News

Cambridge Residents Slam Council Proposal to Delay Bike Lane Construction

News

‘Gender-Affirming Slay Fest’: Harvard College QSA Hosts Annual Queer Prom

News

‘Not Being Nerds’: Harvard Students Dance to Tinashe at Yardfest

News

Wrongful Death Trial Against CAMHS Employee Over 2015 Student Suicide To Begin Tuesday

News

Cornel West, Harvard Affiliates Call for University to Divest from ‘Israeli Apartheid’ at Rally

Students Protest Apartheid

Student demonstrations against Harvard’s investment in South Africa hit an all-time high after Jesse Jackson spoke at Harvard

By Zoe A. Y. Weinberg, Crimson Staff Writer

On May 2, 1985, furious anti-apartheid protestors flowed into the Lowell House courtyard upon learning that South African Consul-General Abe S. Hoppenstein was speaking to the Conservative Club. Protestors linked arms to create a human barricade, chanting “Conservative Club, what do you say? Would you invite the KKK?”

The rally quickly dissolved into chaos as student organizers lost control of non-Harvard protestors who joined the demonstration. The sound of shattering glass reverberated through the courtyard, panicking the crowds gathered there. According to an article written at the time, students blockaded Hoppenstein in the Lowell House Common Room for several hours to give him “the experience of thousands of Black and white South Africans jailed in hell-hole prisons.”

Police eventually held back the crowds to relocate Hoppenstein, which resulted in 20 students filing charges of police brutality.

The Lowell House blockade marked the peak of the anti-apartheid protests in the mid-1980s, resulting in disciplinary action for more than a dozen students.

Students from the Southern Africa Solidarity Committee (SASC) staged the protest as part of their efforts to push President Derek C. Bok to divest Harvard’s endowment from companies conducting business with the apartheid government in South Africa.

Though Harvard never fully divested from South Africa, the protests forced the administration to grapple with its role in indirectly financing the apartheid regime, and made a deep impression on the student participants, who said their lives were shaped by the turbulent events.

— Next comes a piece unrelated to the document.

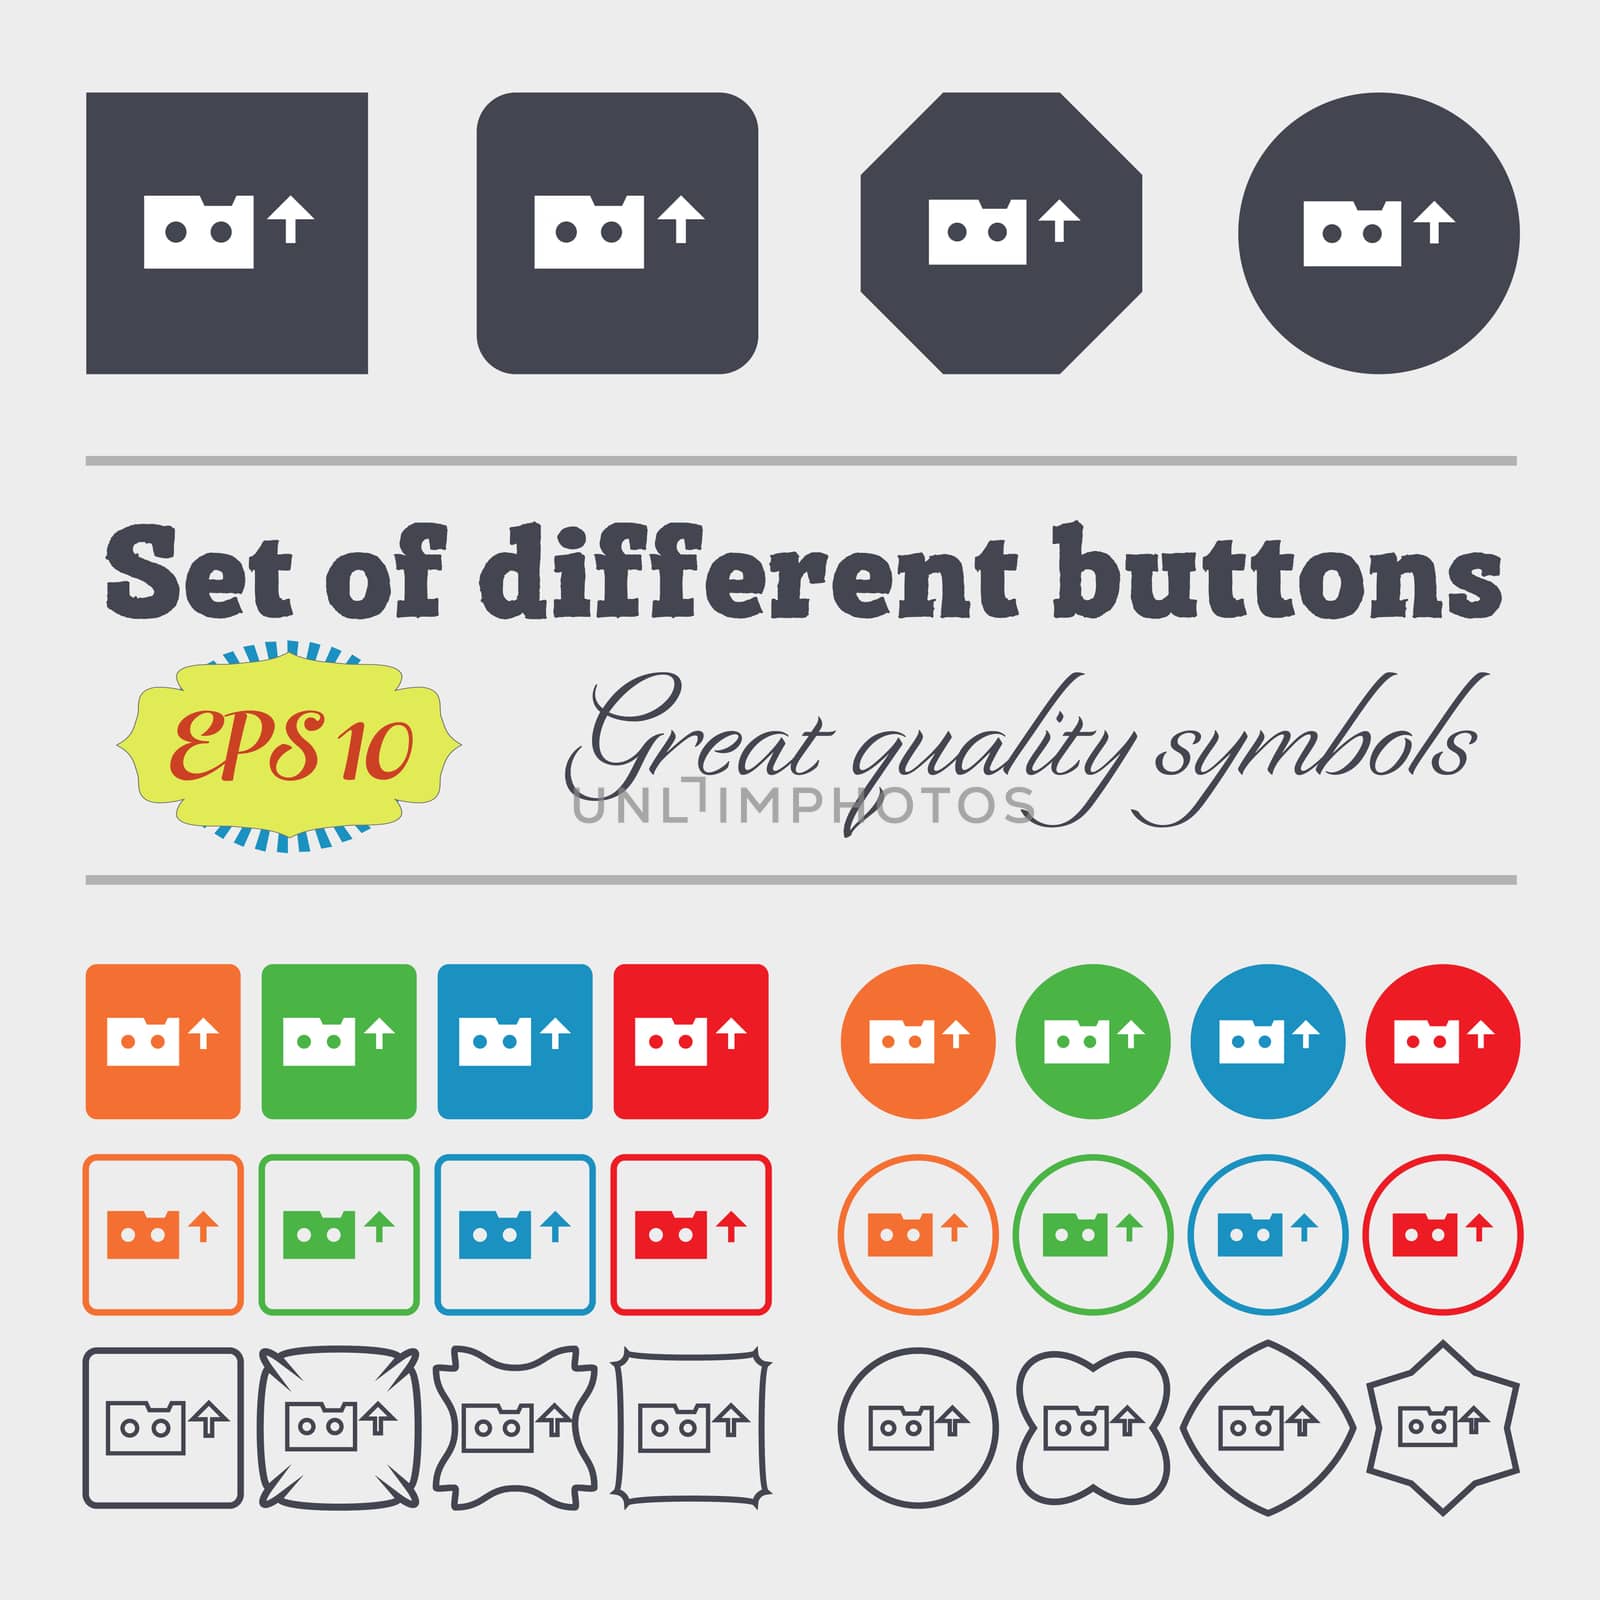 audio cassette icon sign. Big set of colorful, diverse, high-quality buttons. illustration

A BRICK IN THE WALL OF APARTHEID

Anti-apartheid protests began in Cambridge as early as the 1970s and steadily gained momentum, leading to a student take-over of Bok’s office and a torchlight parade in opposition to Harvard’s investments in South Africa in 1978.

But according to Damon A. Silvers ’86, one of the leaders of SASC, the committee was dormant in the early 80s during a period of relative quiet in South African resistance. As the situation in South Africa became increasingly dire, however, student support for the end of violence in South African grew rapidly.

“We felt Harvard University should not be another brick in the wall of apartheid,” said Jamin B. Raskin ’83, who participated in the 1985 protests while at the Law School.

On April 4, 1985, about 5,000 students gathered in Harvard Yard for a protest organized by SASC, which had invited Reverend Jesse I. Jackson to speak to the riled crowds. Jackson had written a letter to Bok a month earlier in which he urged the University to divest.

The rally was only the beginning of the passionate resurgence of anti-apartheid protests in 1985.

That year, protestors would occasionally stage “pop and stops”—activities to prove that they were well-organized enough to seize control of a major administrative building if necessary. Massive groups of students would instantly materialize and pile into the offices of Massachusetts Hall, where they handed the secretaries flowers and mysteriously said, “We’ll be back later,” before quickly dissipating.

Students also created an alternative fund to collection donations from the senior class that would not be invested in South Africa.

“Our work was profoundly creative,” Michael T. Anderson ’83 said. “It wasn’t just some pious liberal statement about the solidarity of suffering Africans. It was, ‘We can do something about this by squeezing a major institution in the country, one that claims to be very progressive.’”

Bok did respond to Jesse Jackson’s letter, writing that he shared protestors’ “abhorrence of apartheid.” But the president continued to defend his argument that taking a political stance on an issue would compromise Harvard’s independence as an educational institution. In speeches and subsequent letters to the community, Bok continued to state that it was inappropriate for a university to engage in politics or become a moral watchdog.

In the climate of persistent student protests, Harvard eventually divested from South Africa—only partially—and thereafter inaugurated a new policy: The University would not invest in any companies that did more than 50 percent of their business in South Africa.

INSPIRED BY THE PAST

The apartheid protests in 1985 occurred during a fraught time at the University in which liberal students, stuck in “the darkest years of the Reagan administration,” craved the revolutionary change enacted by the notorious rioters of the 60s and 70s, according to Anderson.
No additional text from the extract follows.